Из черной рыхлой земли делали небольшие грядки, которые потом, после разбивки на квадраты и последующего засева, стали уважительно называть "опытными площадками".

Мы засевали их семенами разных пород деревьев, различной годовой выдержки и способов обработки, комбинируя и разные способы посадки. Мульчировали семенные бороздки и ждали всходов, чтобы потом продолжить с ними научные опыты.

          Эти наши старания должны были в скором времени вылиться свежей струей в научной диссертации Артемыча, а в конечном итоге сыграть положительную роль в нуждах народного хозяйства.

          Я не слишком вникала в научные труды Артемыча, но уже в скором времени моя речь ощутимо разнообразилась. С небрежной легкостью в ней зазвучаали такие слова как "свилеватость волокон", "рекогносцировка", "каллус", а простые ромашки и васильки вдруг зазвучали древней латынью. И это поднимало меня в моих собственных глазах…

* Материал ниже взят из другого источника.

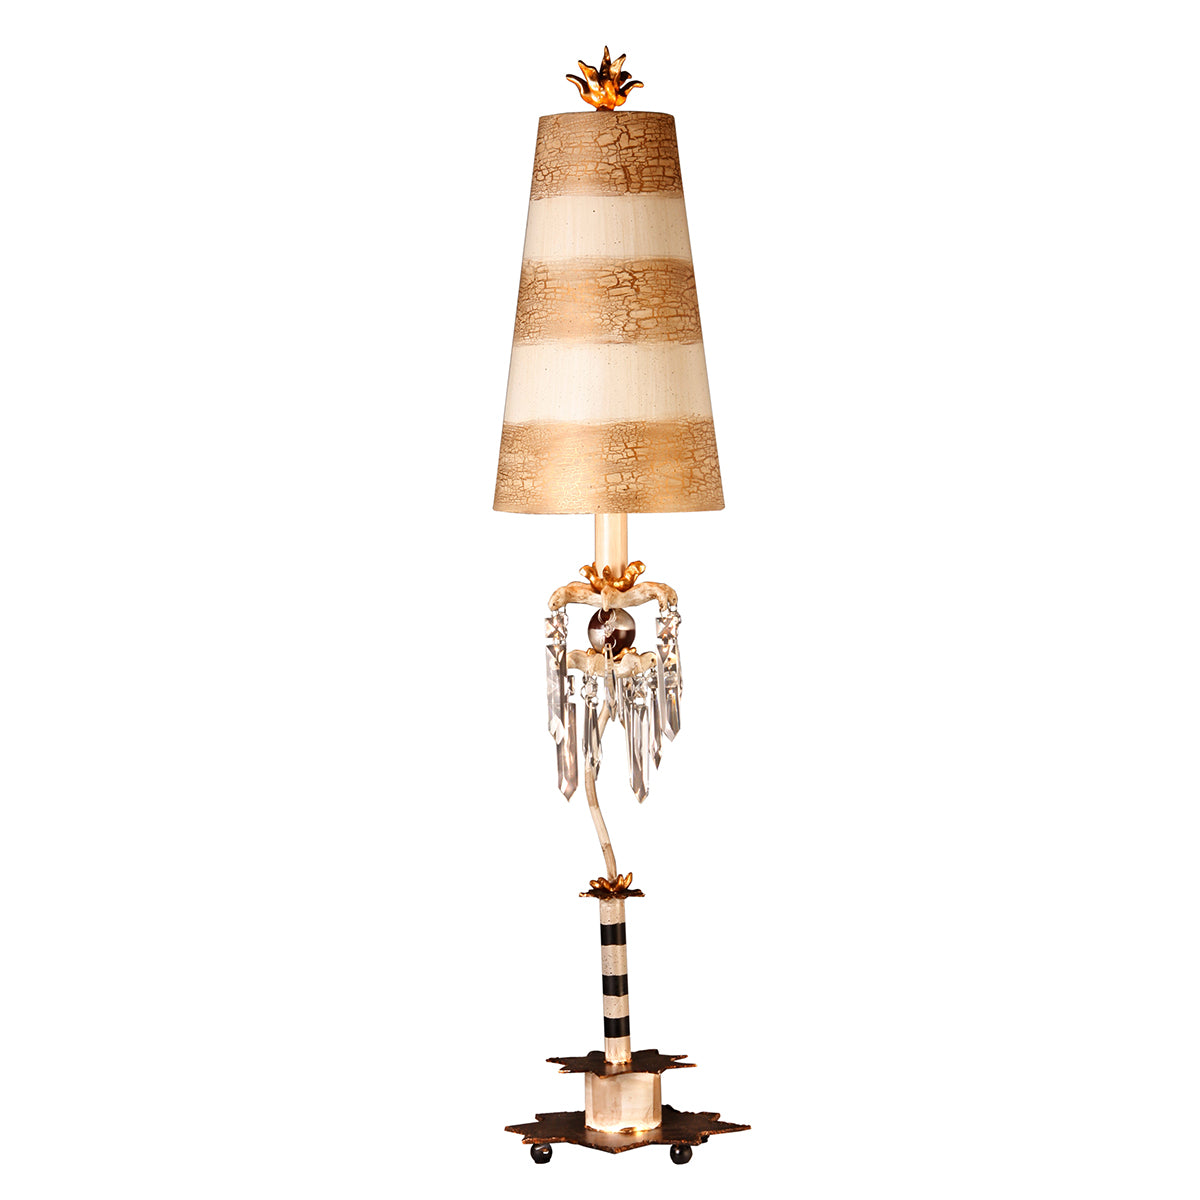 Birdland Table Lamp

          А короткое карельское лето уже вовсю набирало силу. Отцветало черемухой, плавно переходя в цветение сирени, раздабривалось, летело по миру нежным пухом узловатых старых тополей. Мир наполнялся радостным щебетанием птиц, оживлением жизни природы, со всеми ее красками, запахами, жучками и паучками. Особенно это ощущалось у нас на питомнике. 

         

          С особой радостью я собиралась теперь по утрам на работу. И дело было не только в начинающих проклевываться семенах.

Дело в том, что нам с Артемычем было что сказать друг другу.

          Любимым временем рабочего дня стали обеденные перерывы. Быстро уничтожив запасы пищи материальной – мы переходили к пище духовной.

          Артемыч оказался большим ценителем и знатоком всего прекрасного. Он приносил с собой книги по живописи, и мы подолгу могли рассматривать репродукции.

Выяснилось вдруг, что наши вкусы во многом совпадают, вернее мой неоперившийся вкус легко поддавался опытному Артемыча, то уносясь за ним куда-нибудь к ступеням Лувра, то падая в развалины Пантикапея. Третьяковка и Эрмитаж возникали прямо тут же, на первой скошенной траве, среди посадок кедра и карельской березы.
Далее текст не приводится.